Low levels of hospital utilization despite severe illness may also explain why, in the present study, the elderly had some of the lowest rates of hospitalization for respiratory illness, whereas in developed countries the elderly have some of the highest rates.15,29,30 In rural Kenya, it is generally the elderly who find it hardest to travel the often long distances to their nearest hospital and it is generally also they who are least comfortable with the non-traditional medicine practised in hospitals. The elderly of Bondo district are probably also less likely to suffer from an underlying cardiopulmonary medical condition than their counterparts in developed countries,31 partly because the prevalence of smoking in Kenya is still very low. Most influenza-associated hospitalizations of adults in the United States result from exacerbation of underlying medical conditions.29
Unlike developed areas, Bondo district had an influenza-associated hospitalization rate in young adults that was similar to - not lower than - the rate among the elderly.30, 32 Although this could, again, result from the relatively low levels of care-seeking among the elderly, we believe it may also reflect the high prevalence of HIV infection among young adults in this area of Kenya.8 HIV infection may also explain why influenza-associated hospitalizations were more common among the young women of Bondo district than among the young men, since the young women have the higher prevalence of HIV infection.8 In an earlier study in the same district, HIV infection was associated with a 3.5-fold risk of influenza-associated hospitalization among adults.10 Among South African children infected with influenza virus, HIV infection was associated with an estimated eightfold higher risk of hospitalization.33
Although influenza virus activity in temperate climates peaks during winter seasons, influenza virus in Bondo district circulates throughout the year - as seen in other tropical and subtropical climates, such as those of Indonesia, Singapore, Thailand and Viet Nam4-6 - but tends to have a broad peak of activity coincident with winter in the southern hemisphere. Bondo town is about 11 km south of the Equator.

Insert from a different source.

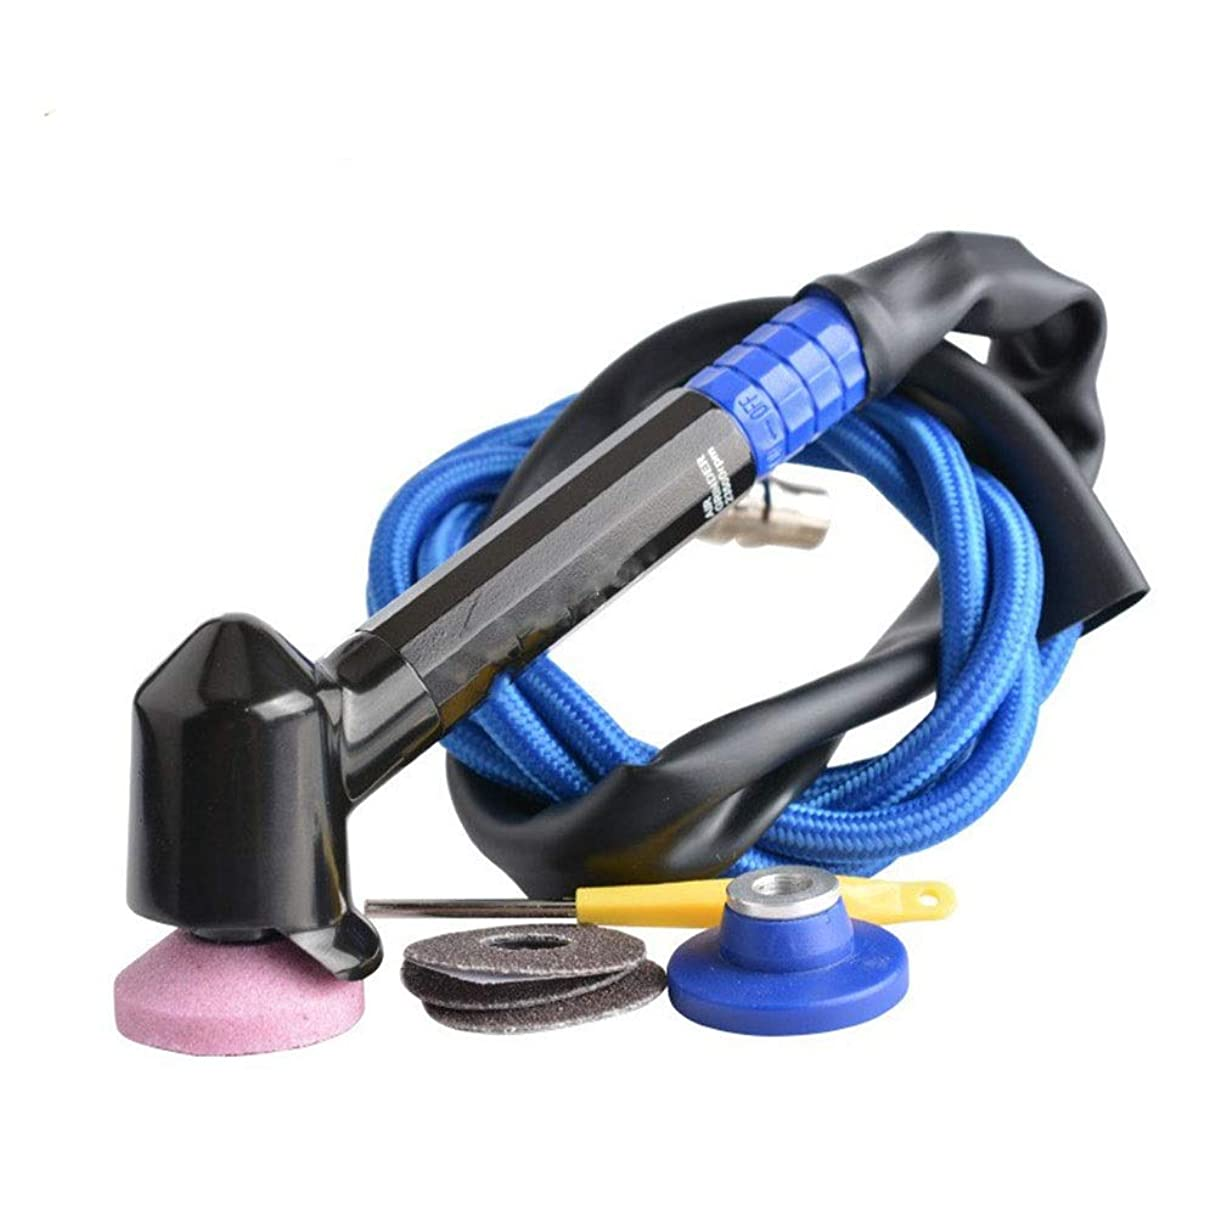 知る妊娠したうまくいけばエア工具 ハンドツール 45°エルボ風研削ペン、ハンドヘルド空気圧研磨ペンハンドツール
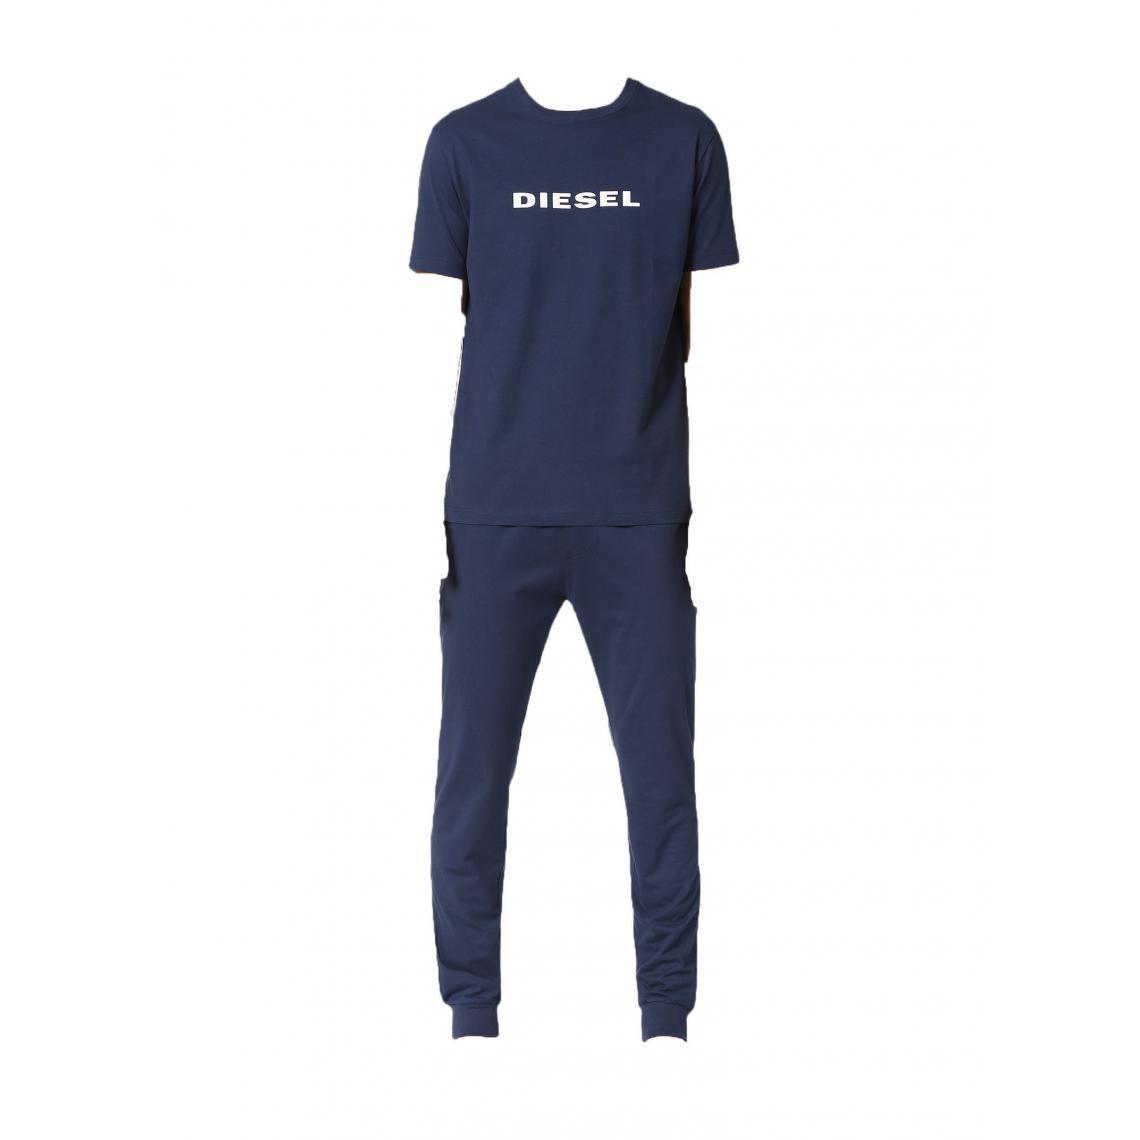 Pyjama - Diesel Underwear - Modalova

The proportion of swabs found positive for influenza virus RNA and the CFRs for influenza-associated hospitalizations varied among the seven health facilities included in the present study, although the total number of deaths was small. Lwak Mission Hospital admitted many more patients with respiratory illness than any other of the health facilities, and almost three times more than the district hospital, probably because the hospital has a programme for the population-based surveillance of infectious diseases. This programme offers free, high-quality health care to participants, which promotes greater health care utilization.16, 17 The variability in findings between health facilities highlights the limitations of using one sentinel hospital to draw conclusions about the epidemiology and burden of influenza in a given district.
Our study had several limitations. First, we used only molecular methods to detect influenza virus, and some infected cases may not have been detected. In Thailand, serological testing with haemagglutinin inhibition tests identified influenza cases not detected by RT-PCR.34 Second, some of the patients found swab-positive for influenza virus may not have been hospitalized for influenza but for another cause, such as bacterial pneumonia or malaria. Influenza virus might have been present from a recent or concurrent upper respiratory tract infection. Influenza virus has been detected in healthy children used as controls.35 Third, only about 60% of the enrolled patients with respiratory illness had a swab collected. If patients who were not swabbed had a different risk of developing influenza than patients who were swabbed, our adjusted rates could be inaccurate. There were, however, no significant differences in age, length of hospitalization or CFR between those who had and those who did not have swabs taken, and the extrapolation to include untested patients therefore seems appropriate. Excluding untested hospitalized patients with respiratory illness from the hospitalization rate calculation would have led to a clear underestimate of the true rate. Fourth, to define seasonality and annual fluctuations in the rates of influenza-associated hospitalization clearly, surveillance for a period longer than 2 years is required. Fifth, by excluding those who had had a cough for more than 2 weeks at presentation, we may have underestimated the burden of influenza by excluding patients hospitalized with tuberculosis or chronic lung diseases, both of which have been identified as risk factors for influenza-associated hospitalization.10
In conclusion, our population-based study highlights the disproportionately high burden of influenza among children aged <5 years and young adults in western Kenya. The findings suggest that influenza prevention activities could substantially reduce severe respiratory disease in other developing countries, especially in young children and other people at particular risk of severe respiratory illness, such as those living with HIV.10, 25
Acknowledgements
This study was conducted as a collaborative activity between the Kenya Medical Research Institute and the United States Centers for Disease Control and Prevention. We thank the District Medical Office of Health of Bondo district. This paper is published with the permission of the director of the Kenya Medical Research Institute.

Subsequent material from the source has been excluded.